§ Activity:
Leaving out every picture, quote the data below exactly as it appears.

§ Given material:

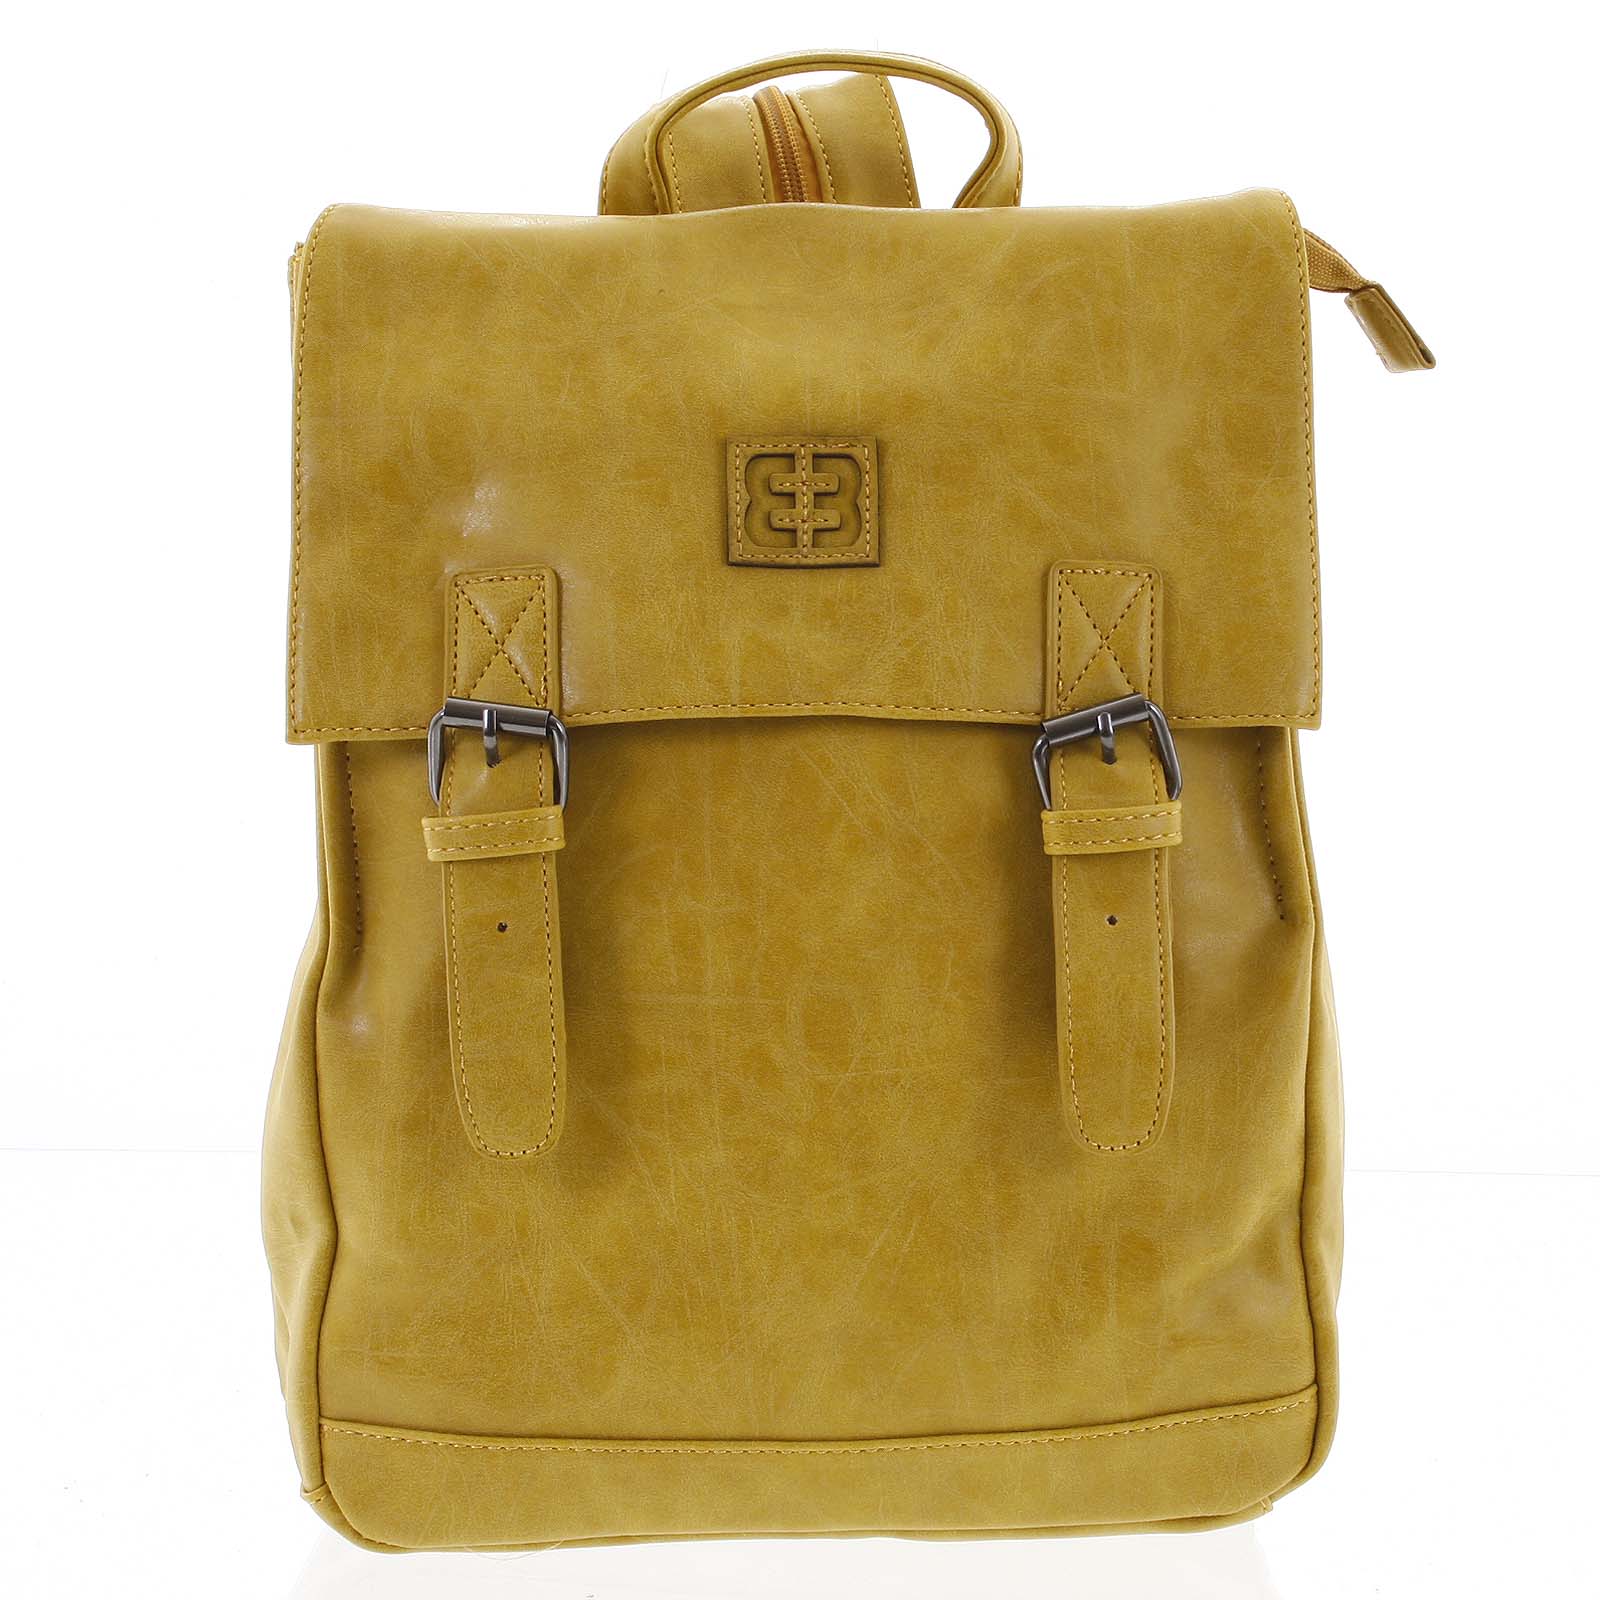 Módní stylový střední batoh okrově žlutý - Enrico Benetti Traverz  
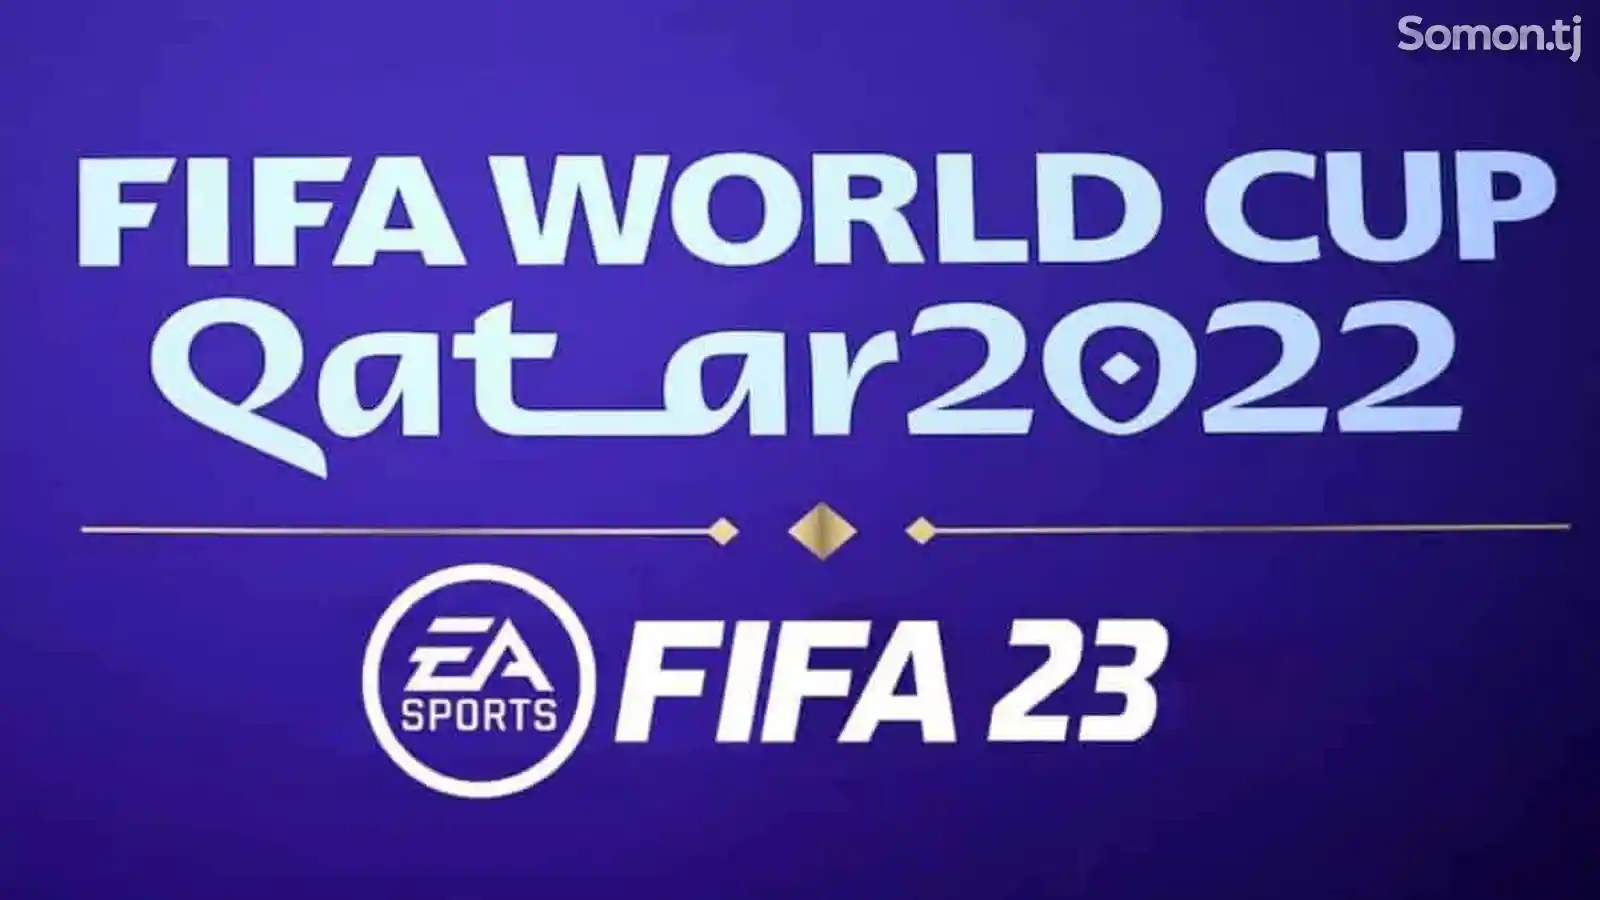 Игра для Playstation 4 FIFA 23 Qatar
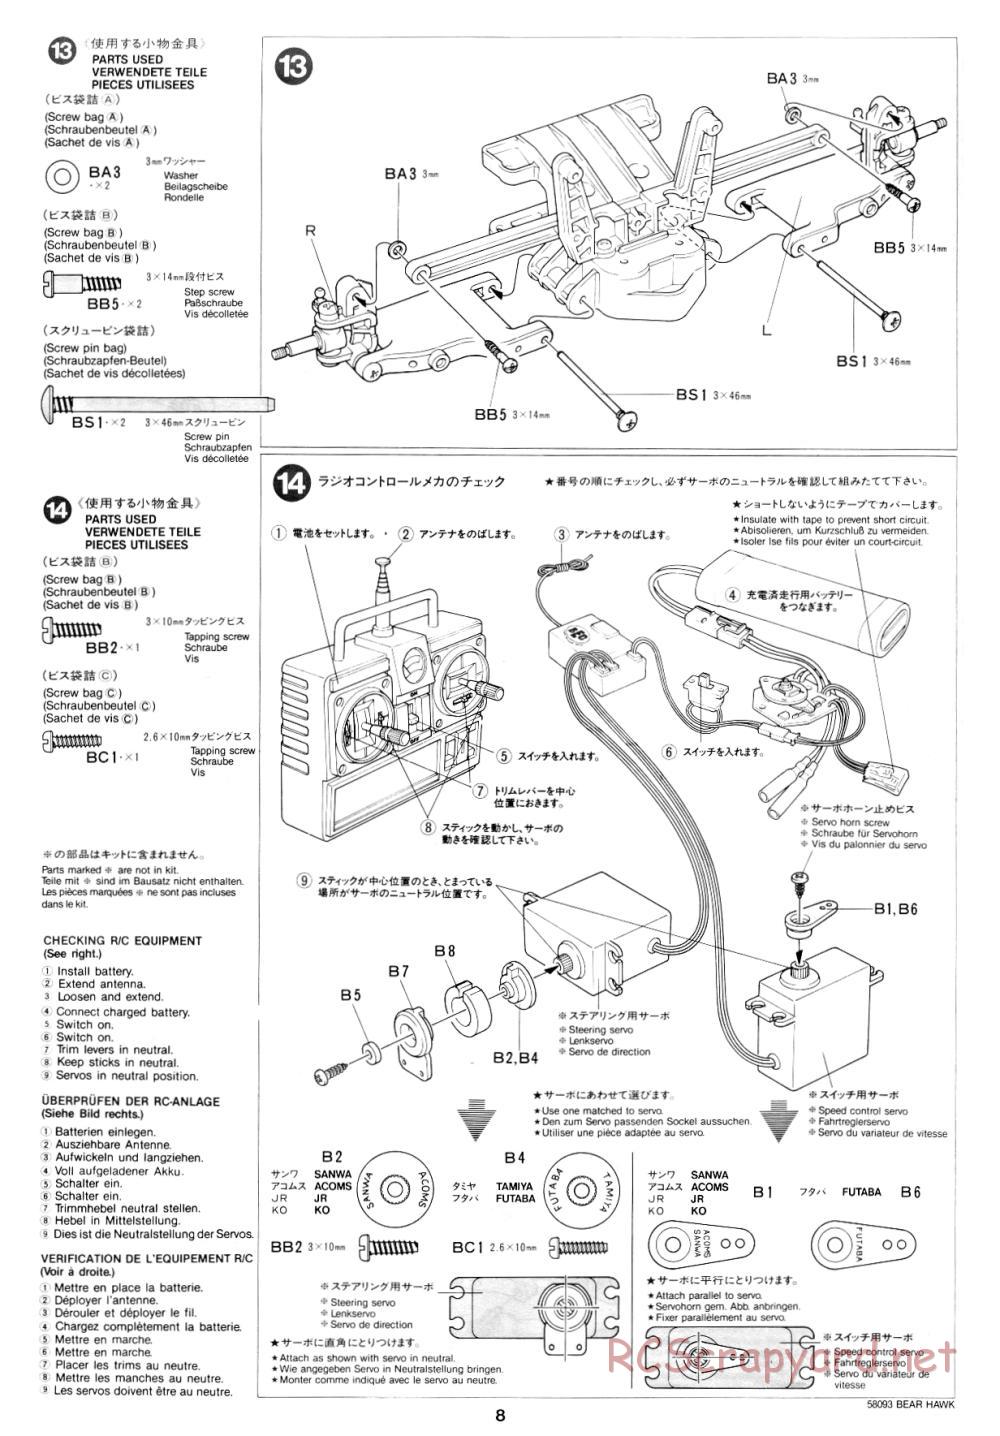 Tamiya - Bear Hawk - 58093 - Manual - Page 8
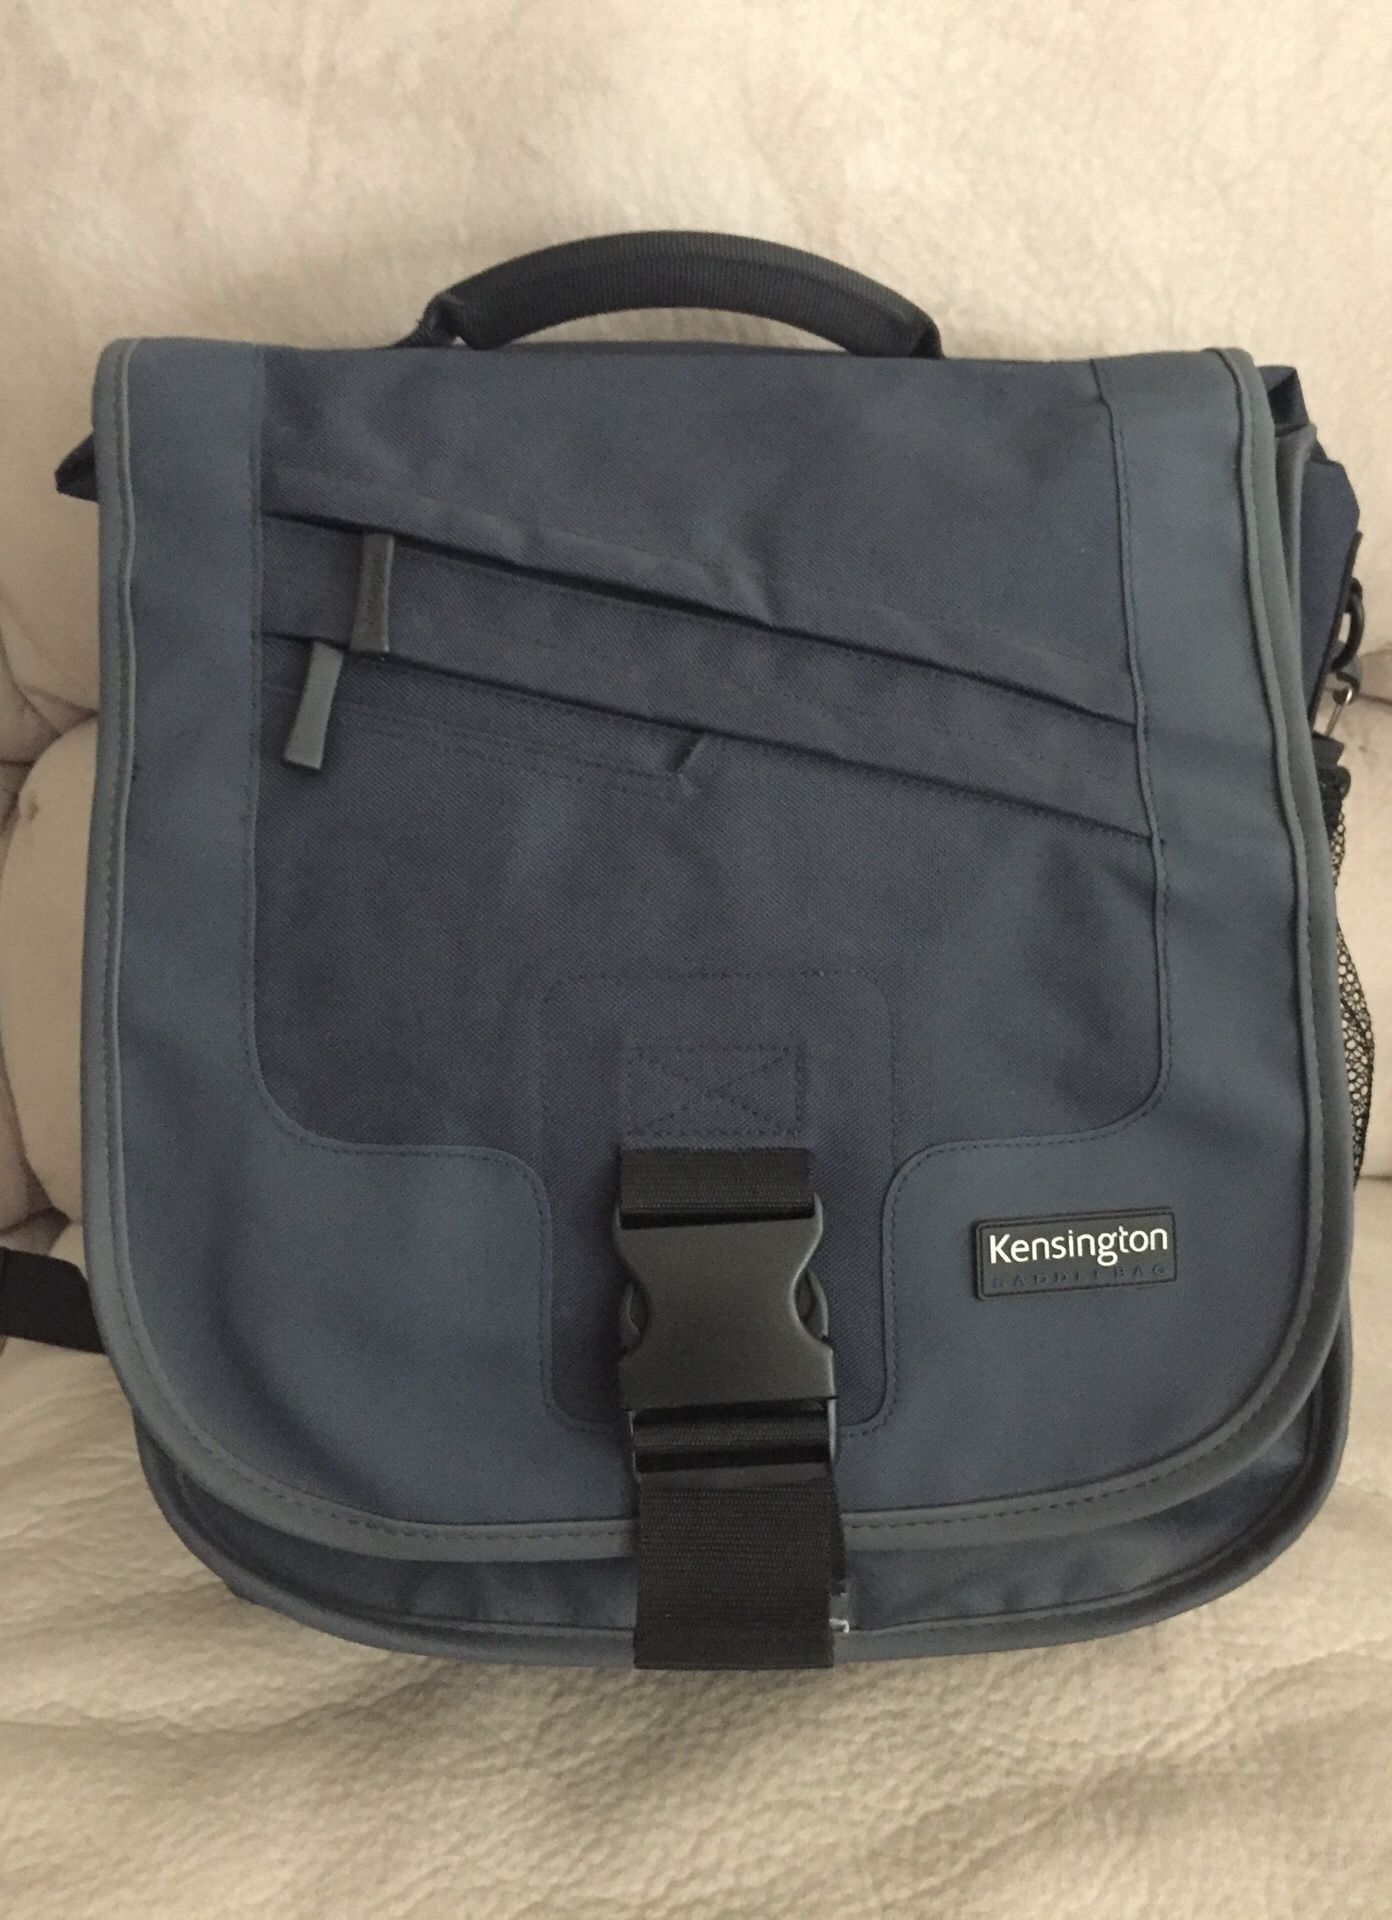 Kensington Navy Blue Laptop Bag/backpack

§ Answer below:
 Módní stylový střední batoh okrově žlutý - Enrico Benetti Traverz  
 Игра для Playstation 4 FIFA 23 Qatar
 Tamiya - Bear Hawk - 58093 - Manual - Page 8
 Kensington Navy Blue Laptop Bag/backpack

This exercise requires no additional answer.